In the config file `configs_clean/inference.yml` set the path to your input data folder `inference_path: path_to/my_data_folder`.
Then run:

python inference.py --config=configs_clean/inference.yml

Done! :tada: \
Your results are saved as `.sdf` files in the directory specified
in the config file under ``output_directory: 'data/results/output'`` and as tensors at ``runs/flexible_self_docking/predictions_RDKitFalse.pt``!

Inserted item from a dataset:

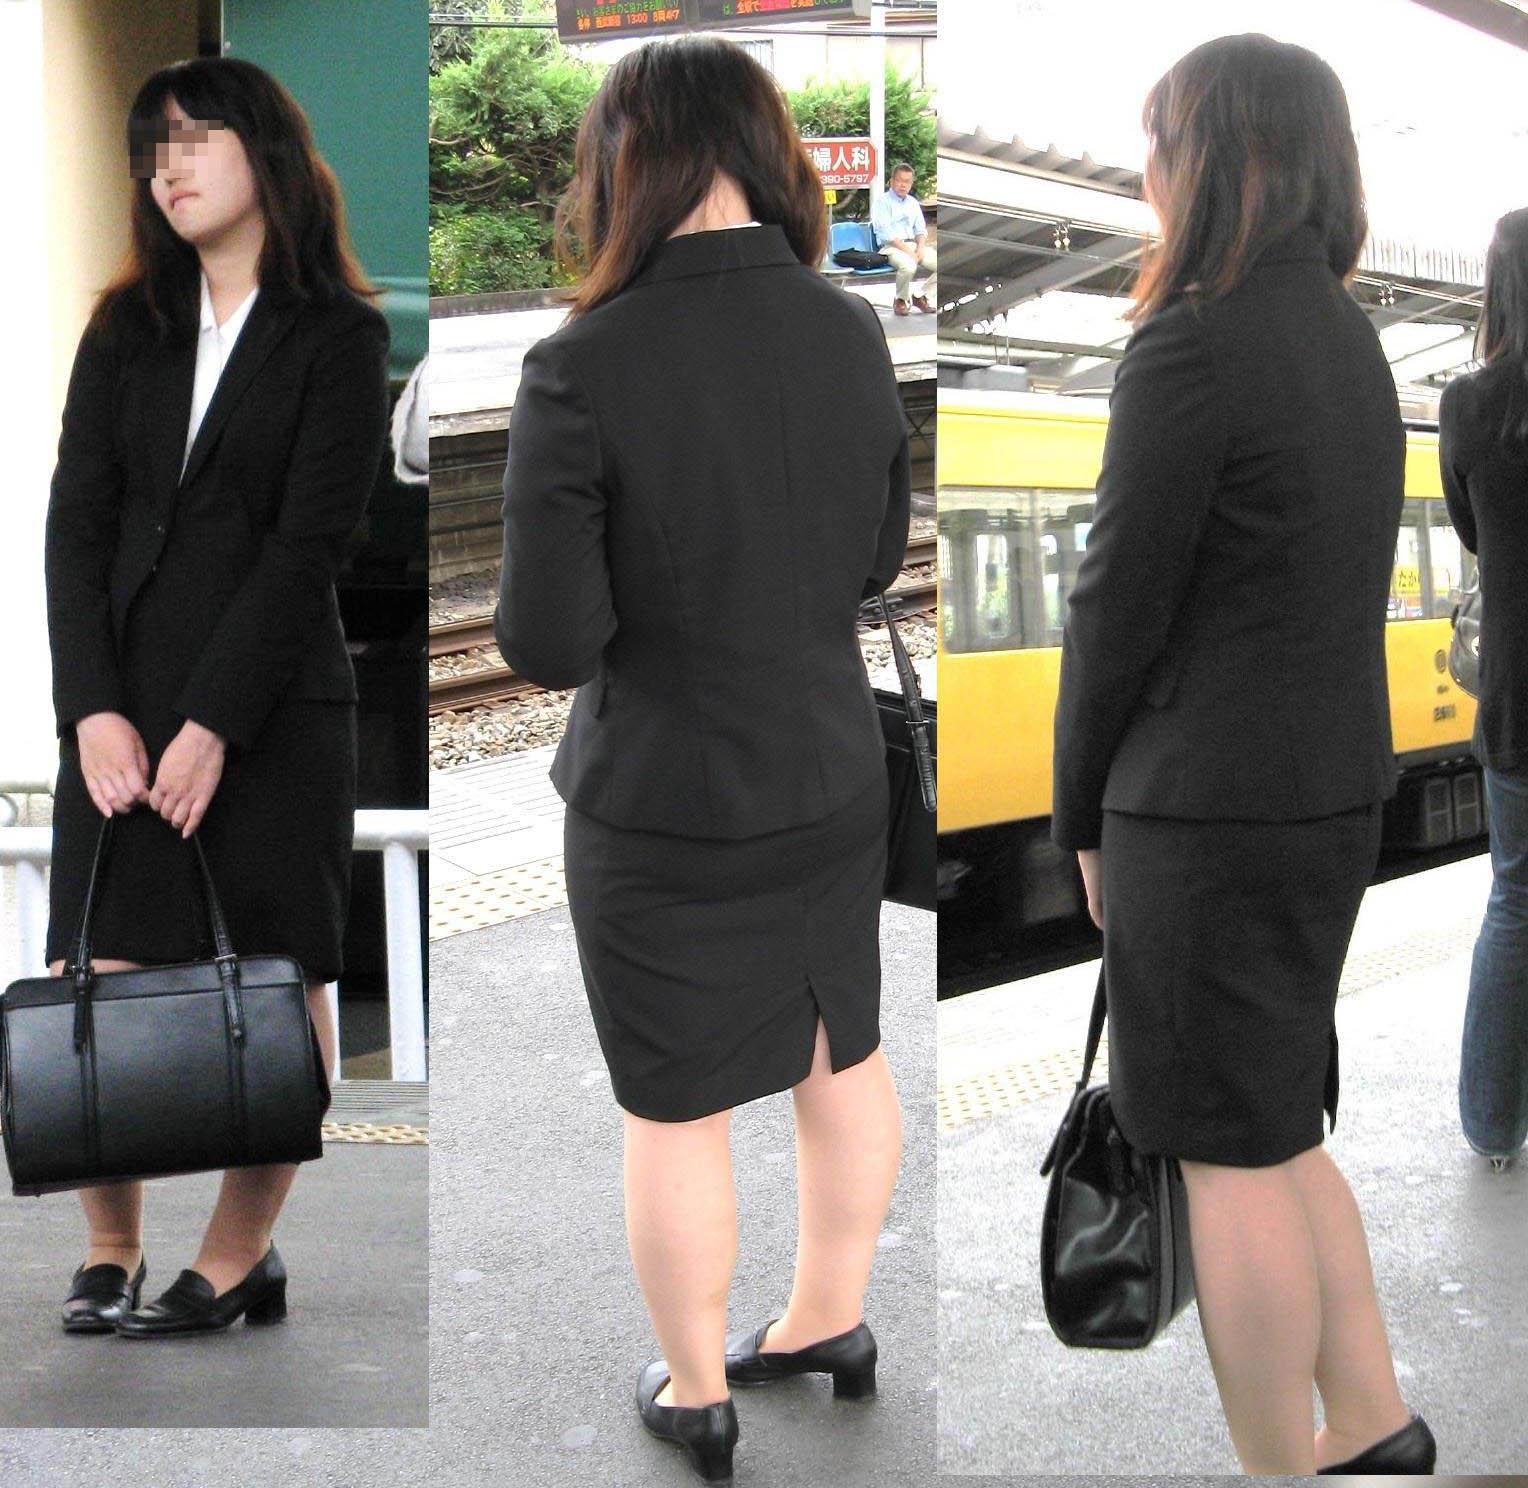 【街撮りリクスーエロ画像】膝下とタイトだけでも十分満たされるwww就活中のリクスー女子たち 12
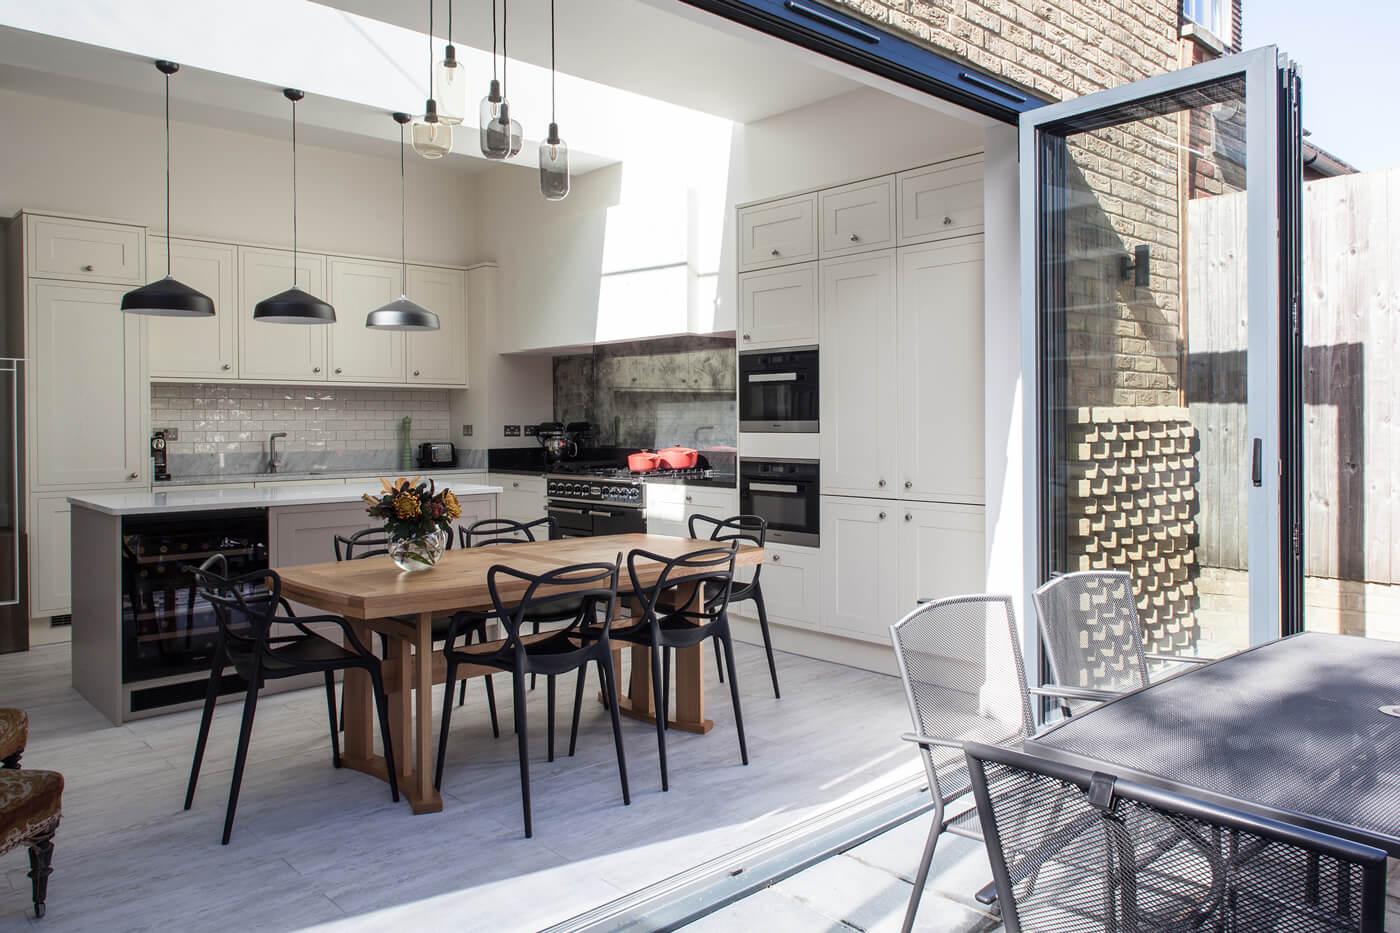 Hoe zorg je er met een dakraam voor dat een keukenaanbouw een lichte en ruimtelijke uitbreiding is van de leefruimte?

# Inference for multiple ligands in the same .sdf file and a single receptor

python multiligand_infernce.py -o path/to/output_directory -r path/to/receptor.pdb -l path/to/ligands.sdf

This runs EquiBind on every ligand in ligands.sdf against the protein in receptor.pdb. The outputs are 3 files in output_directory with the following names and contents:

failed.txt - contains the index (in the file ligands.sdf) and name of every molecule for which inference failed in a way that was caught and handled.\
success.txt - contains the index (in the file ligands.sdf) and name of every molecule for which inference succeeded.\
output.sdf - contains the conformers produced by EquiBind in .sdf format.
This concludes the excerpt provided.